- **Task instructions**:
All of the listing is to be written out word for word, with the pictures left out.

- **Raw data**:
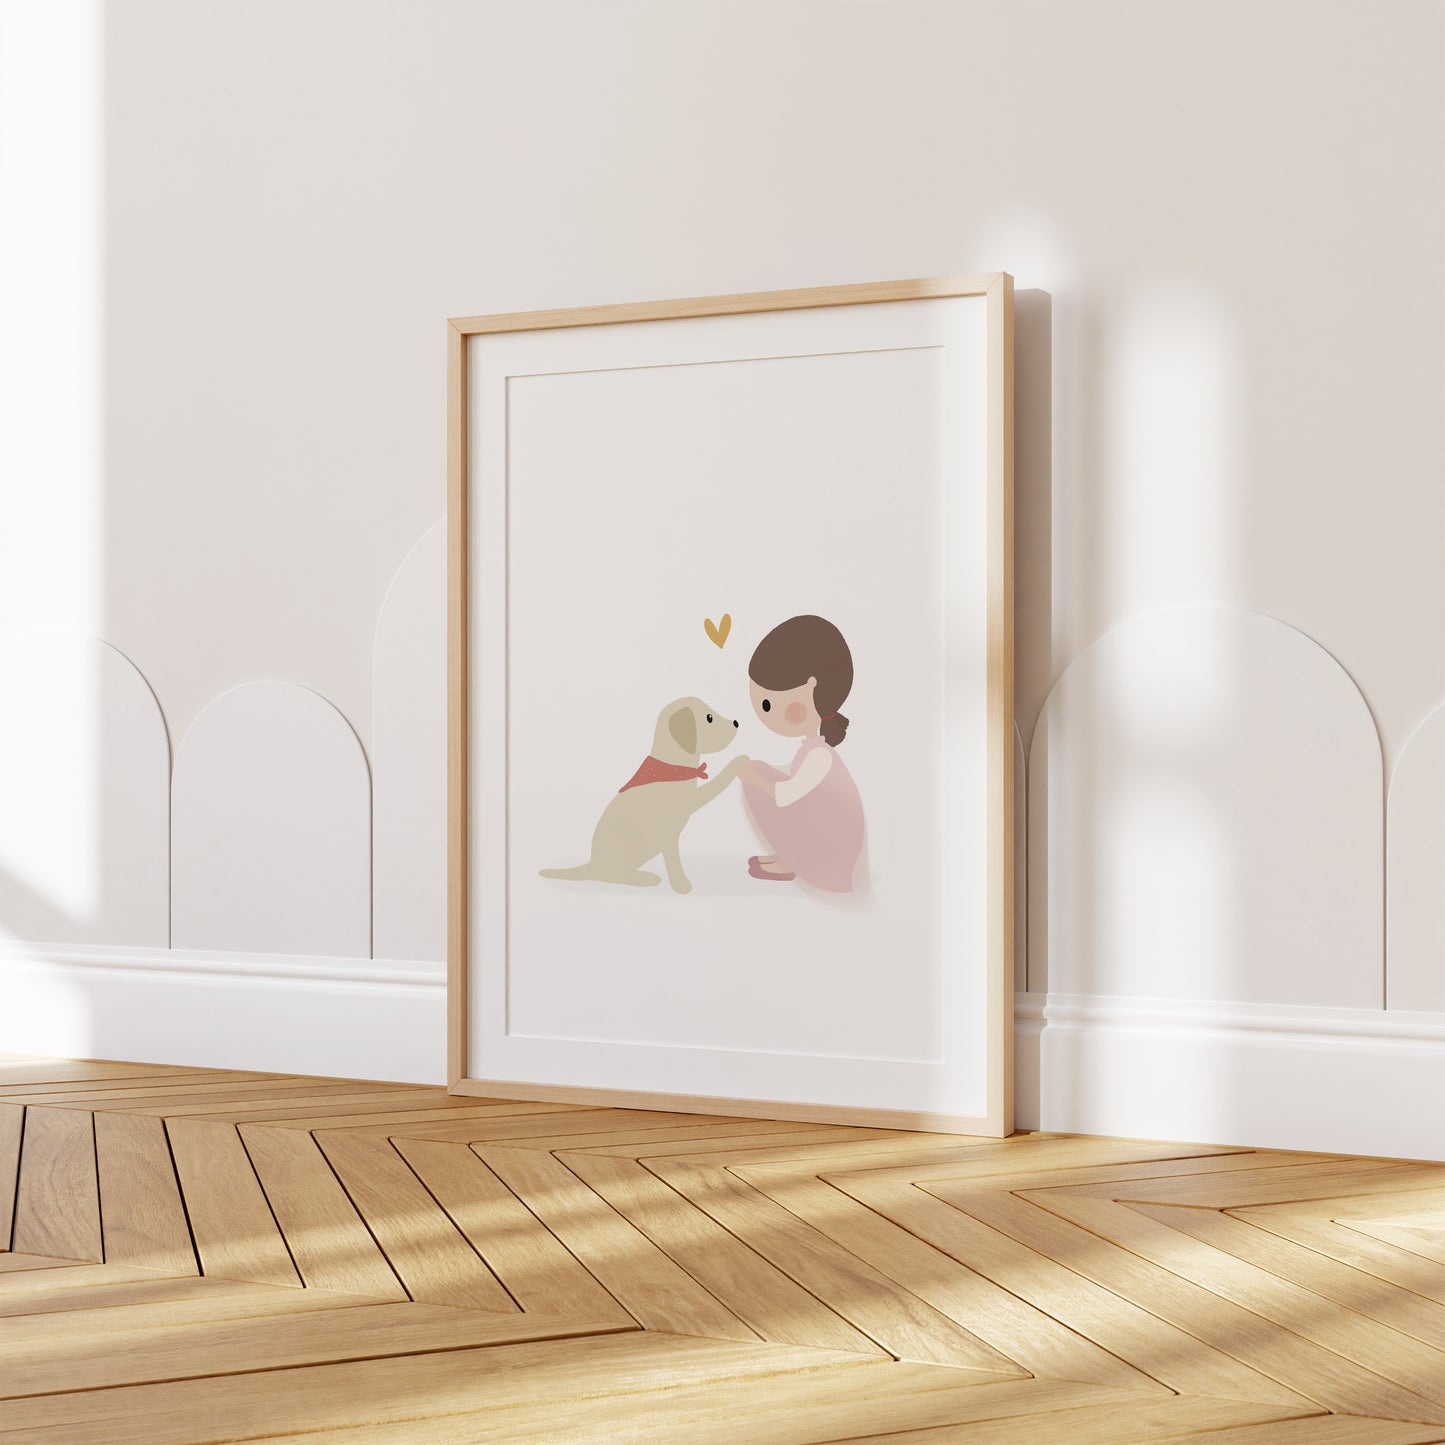 A beautifully illustrated art print featuring a little girl with her dog. This poster certainly brings joy and tenderness to your walls with soft pastel colors.
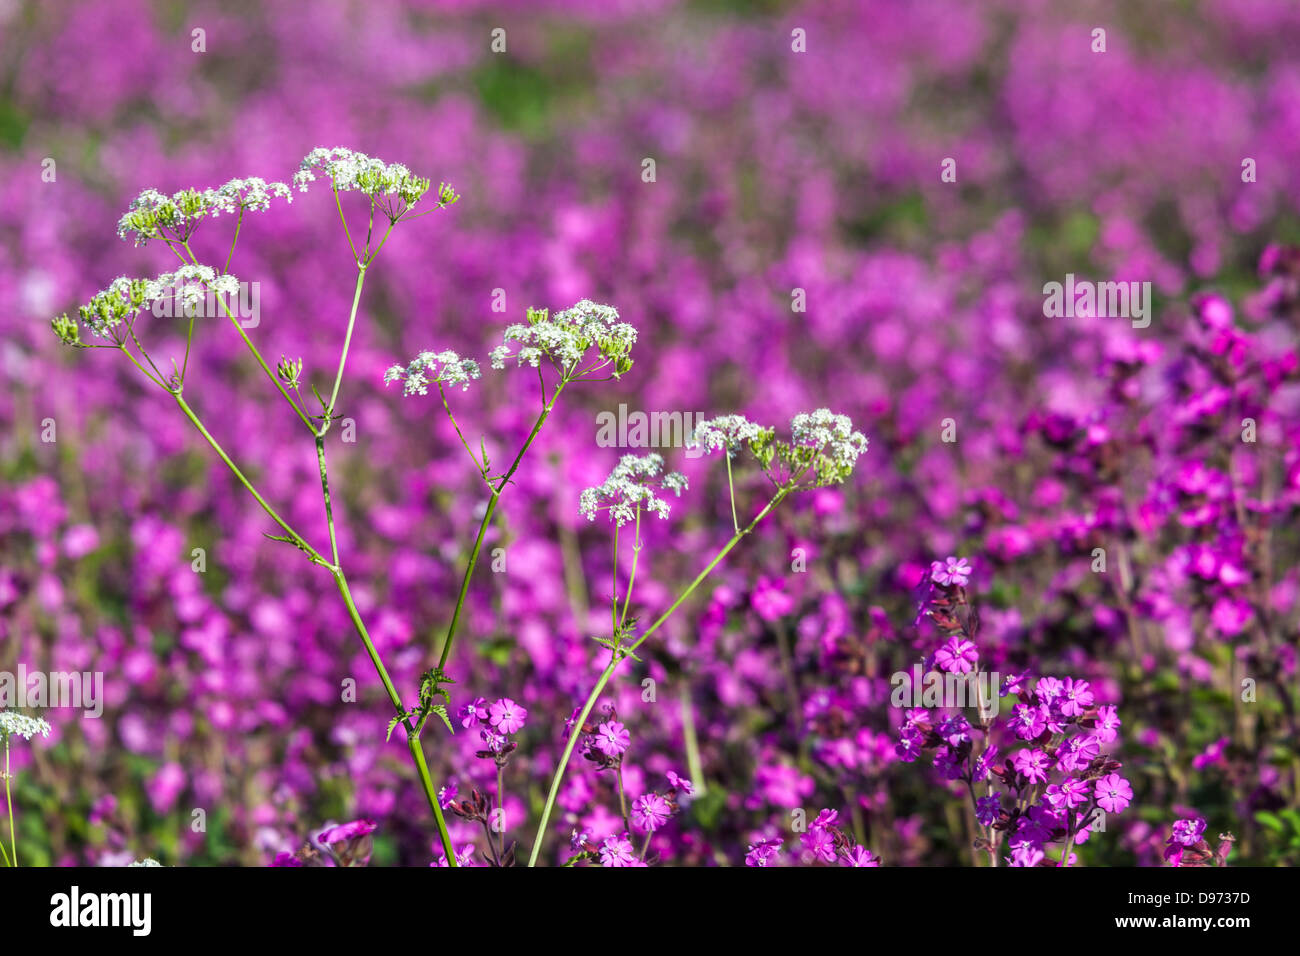 Cow parsley (Anthriscus sylvestris) on the edge of a field of Red Campion (Silene dioica) in the Cotswolds. Stock Photo
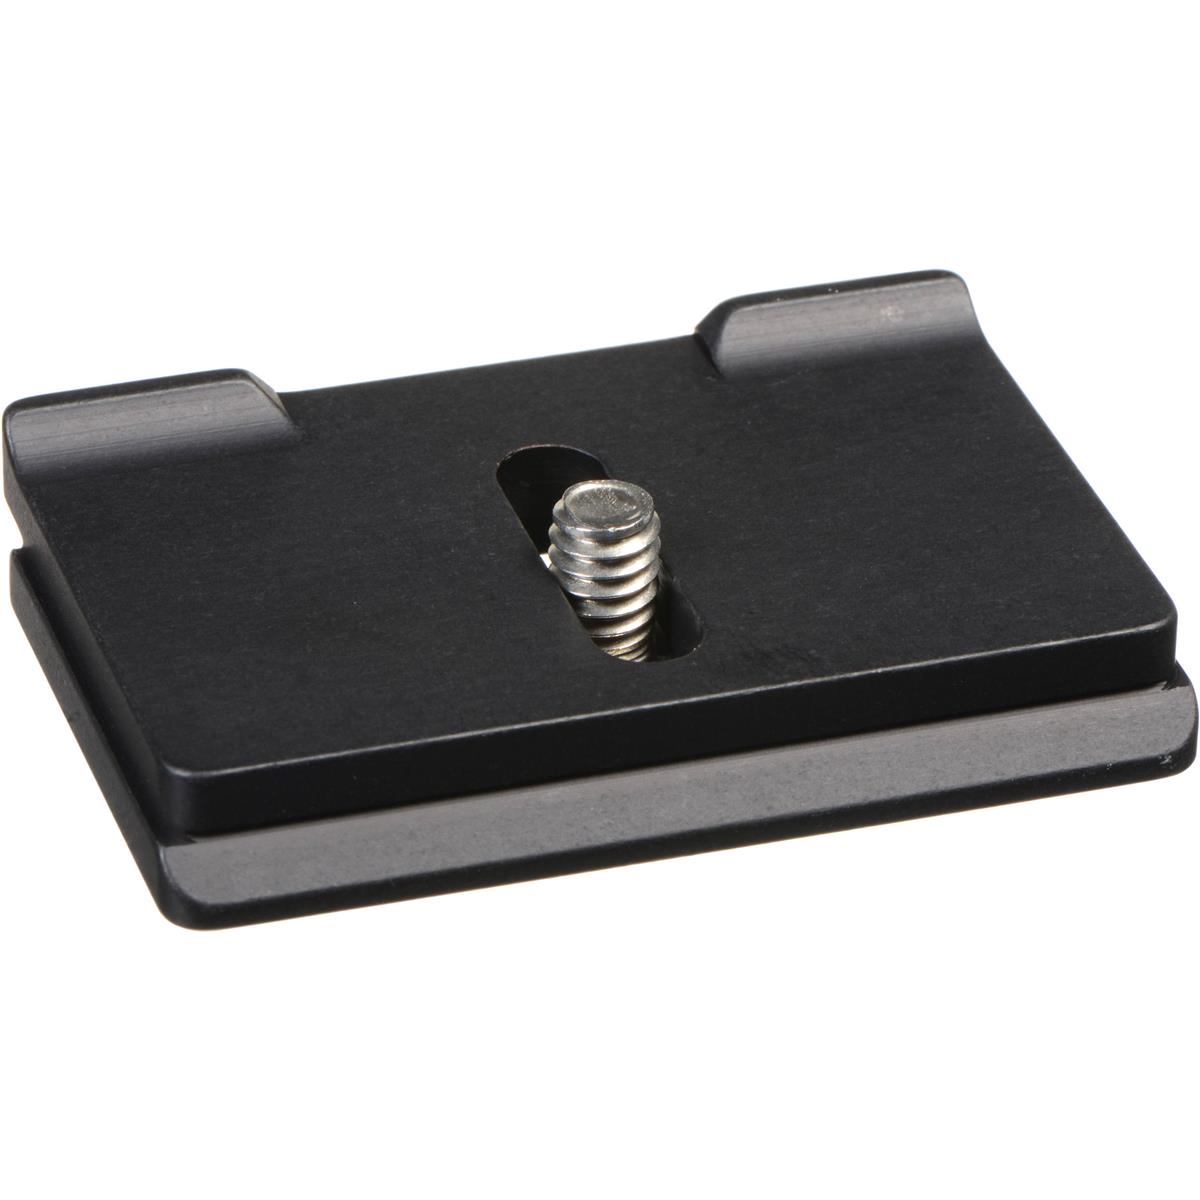 Image of Acratech Quick Release Plate for Nikon D750 Camera and Arca Swiss Type Clamp
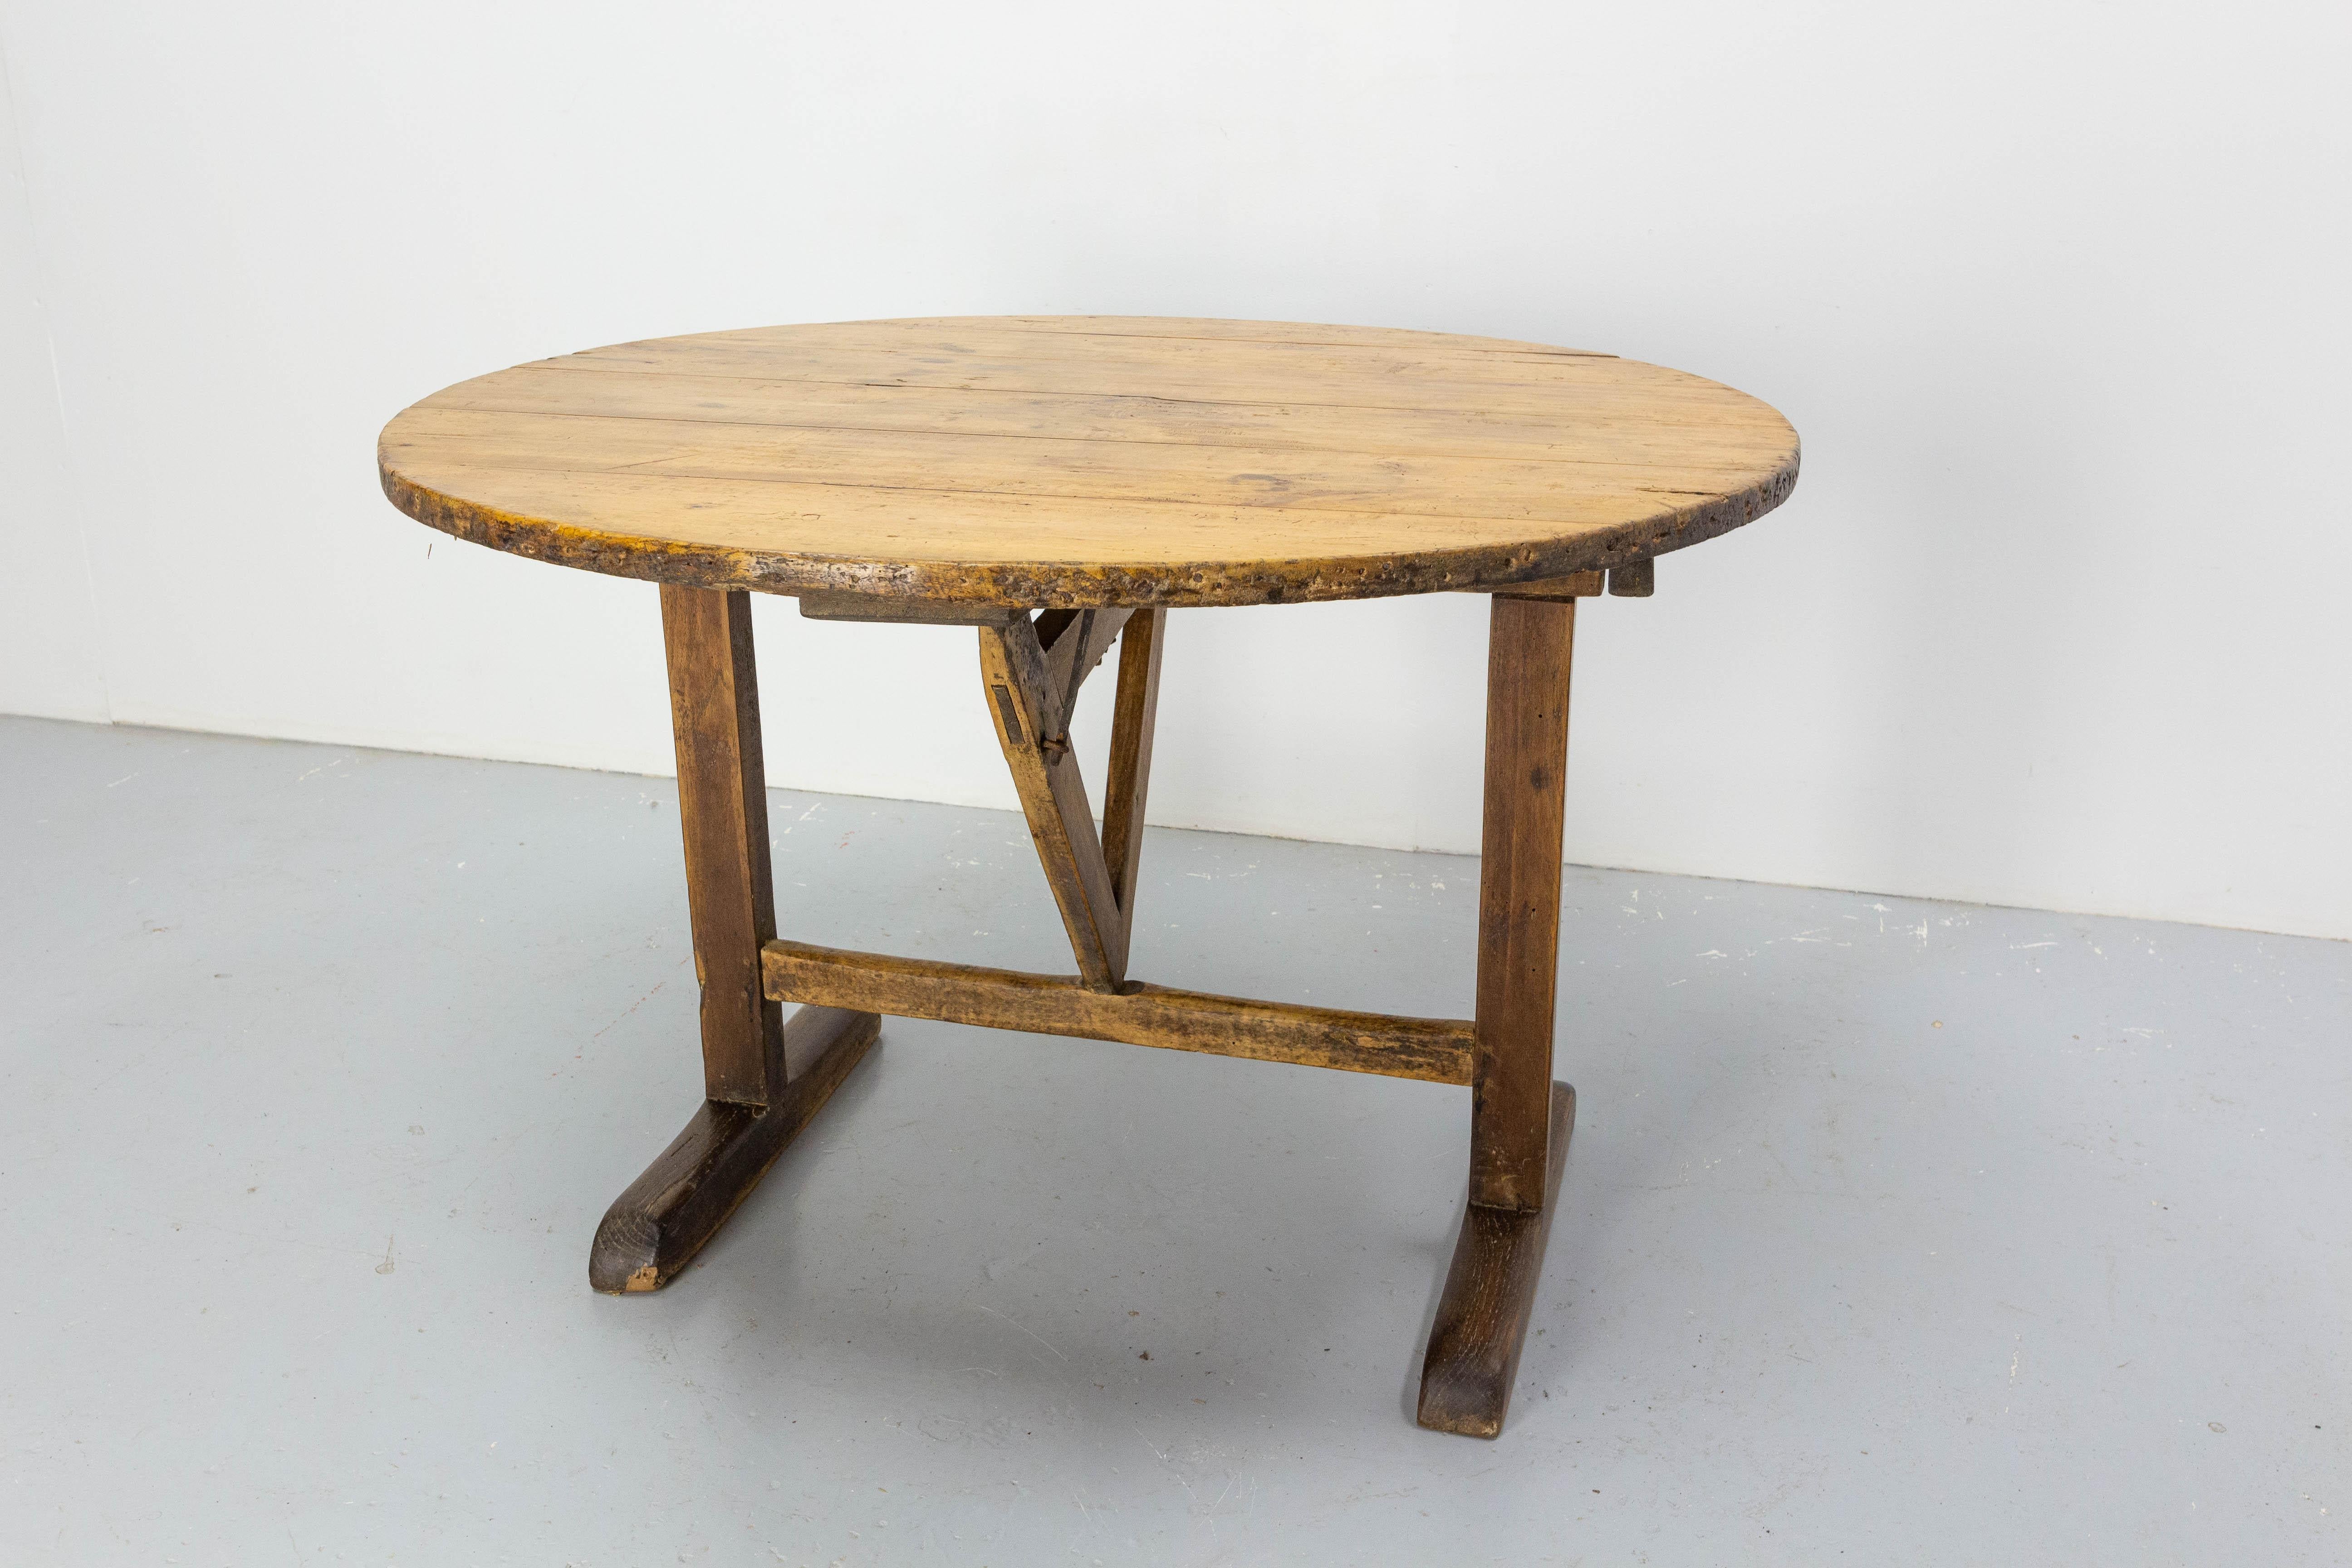 French Foldable Oak & Poplar Table Called Winemaker's Table, 19th Century For Sale 1

- **Final answer**:
 A beautifully illustrated art print featuring a little girl with her dog. This poster certainly brings joy and tenderness to your walls with soft pastel colors.
 Cow parsley (Anthriscus sylvestris) on the edge of a field of Red Campion (Silene dioica) in the Cotswolds. Stock Photo
 Image of Acratech Quick Release Plate for Nikon D750 Camera and Arca Swiss Type Clamp
 French Foldable Oak & Poplar Table Called Winemaker's Table, 19th Century For Sale 1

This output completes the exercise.